Hi,
thanks for your reply, I'm able to list the user with ldapsearch and I
can't find any conflict entries described in the article. The 4.1
environment is only 1 server connected to active directory. Forgot to
reply to the list before, doh!
I've noticed a difference between users in 3.0 and 4.1 though, migrated
users in the 4.1 does not have an entry in "
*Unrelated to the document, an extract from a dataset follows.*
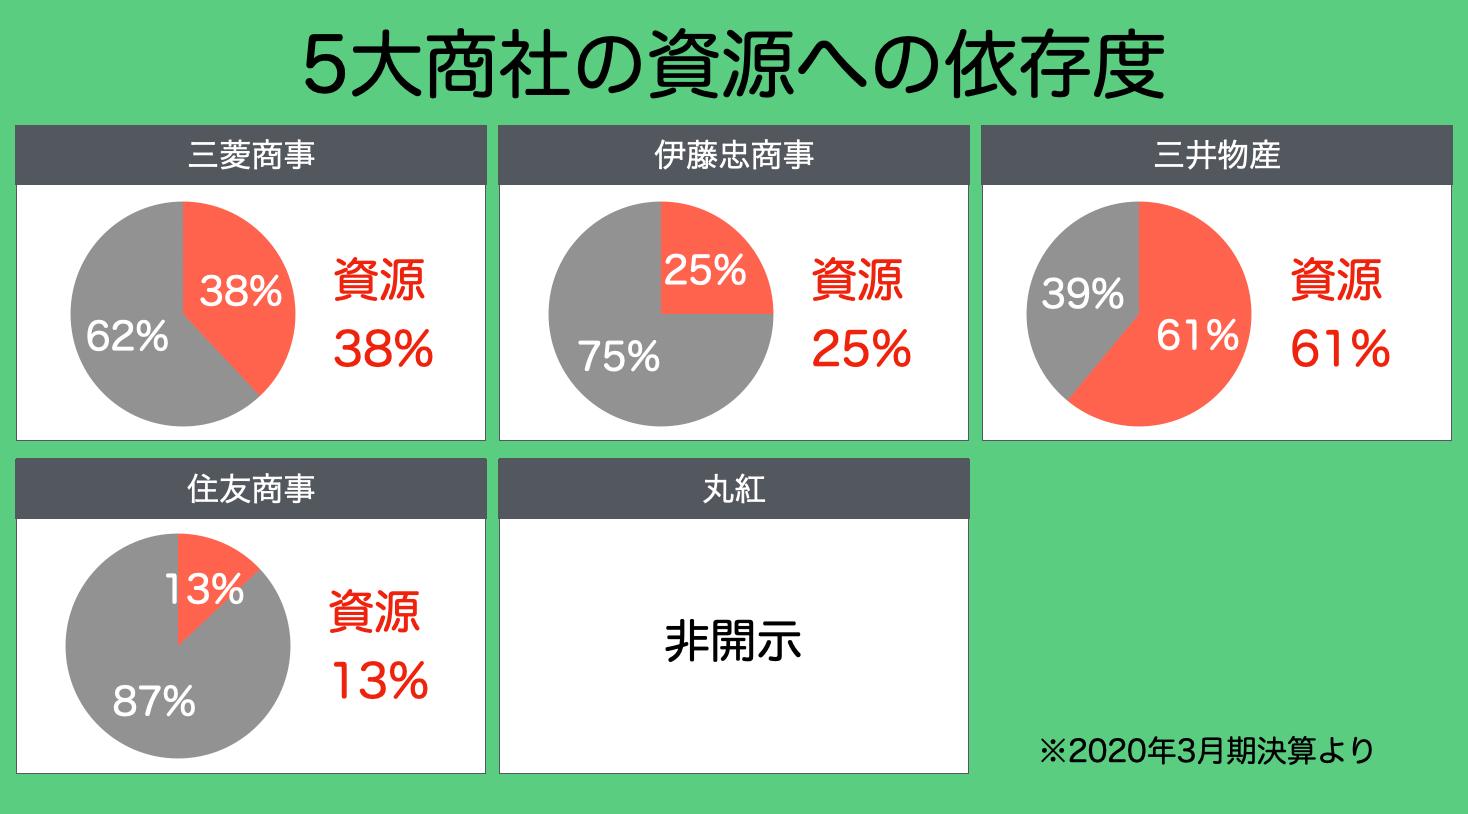 【配当株】バフェットも買った日本の五大商社についての比較・分析3
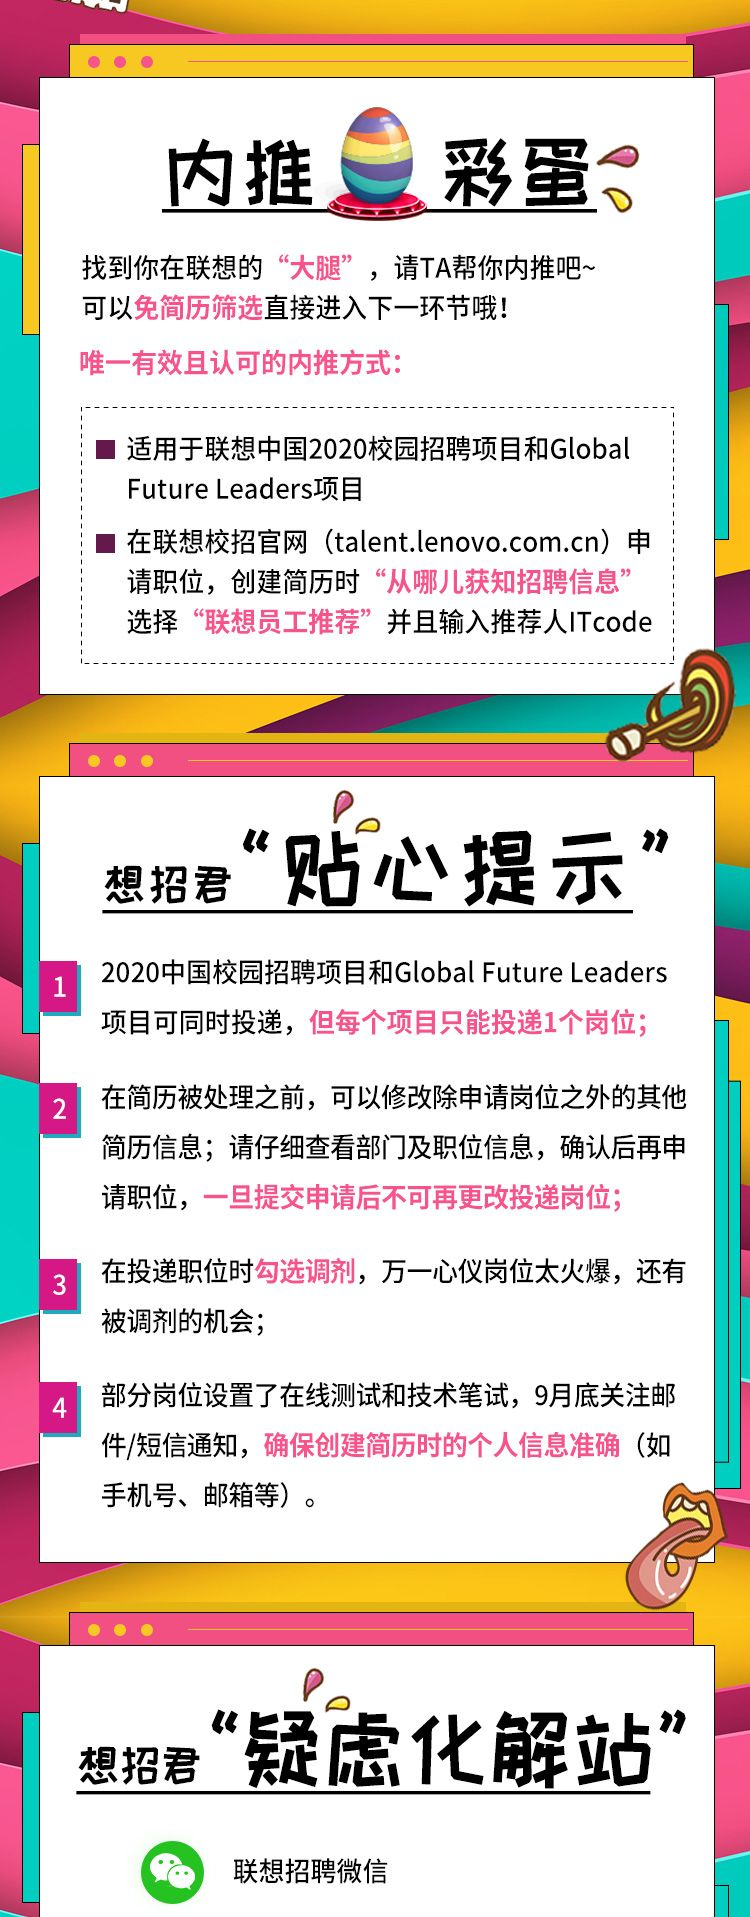 联想校园招聘_【内推】联想中国2020校园招聘正式启动!_itcode

cn=groups,cn=accounts,dc=sub,dc=domain,dc=tld" while users in 3.0 have this.
Example:
FreeIPA 4.1 environment:
# ldapsearch -xLLL -D "cn=directory manager" -W
-b"cn=batman,cn=groups,cn=accounts,dc=sub,dc=domain,dc=tld"
Enter LDAP Password:
No such object (32) Matched DN:
cn=groups,cn=accounts,dc=sub,dc=domain,dc=tld
FreeIPA 3.0 environment:
# ldapsearch -xLLL -D "cn=directory manager" -W -b
"cn=batman,cn=groups,cn=accounts,dc=sub,dc=domain,dc=tld"
Enter LDAP Password:
dn: cn=batman,cn=groups,cn=accounts,dc=dev,dc=sub,dc=domain,dc=tld
objectClass: posixgroup
objectClass: ipaobject
objectClass: mepManagedEntry
objectClass: top
cn: batman
gidNumber: 1486600065
description: User private group for batman
mepManagedBy: uid=batman,cn=users,cn=accounts,dc=sub,dc=domain,dc=tld
ipaUniqueID: 139f6140-5074-11e5-a09d-005056914c0c
/andreas
On 09/09/2015 04:29 PM, Rich Megginson wrote:
On 09/09/2015 03:39 AM, Martin Basti wrote:
On 09/09/2015 10:50 AM, Andreas Calminder wrote:
Forgot to write that deleting users in active directory not migrated
with the migrate-ds command works fine, it's only migrated users
present in the ad that breaks the winsync agreement on deletion.
On 09/09/2015 10:35 AM, Andreas Calminder wrote:
Hi,
I've asked in #freeipa on freenode but to no avail, figured I'll
ask here as well, since I think I've actually hit a bug or (quite)
possibly I've done something moronic configuration/migration -wise.
I've got an existing FreeIPA 3.0.0 environment running with a fully
functioning winsync agreement and passsync service with the windows
environments active directory, I'm trying to migrate the 3.0.0
environments users into a freshly installed 4.1 (rhel7)
environment, after migration I setup a winsync agreement and make
it bi-directional (one-way sync from windows) everything seems to
be working alright until I delete a migrated user from the Active
Directory, after the winsync picks up on the change it'll break and
suggests a re-initialize. After the re-initialization the agreement
seems to be fine, however the deleted user are still present in the
ipa 4.1 environment and cannot be deleted. The webgui and ipa cli
says: ipauser1: user not found. ipa user-find ipauser1 finds the
user and it's visible in the ui.
Anyone had the same problem or anything similar or any pointers on
where to start looking?
Regards,
Andreas
Hello, this might be a replication conflict.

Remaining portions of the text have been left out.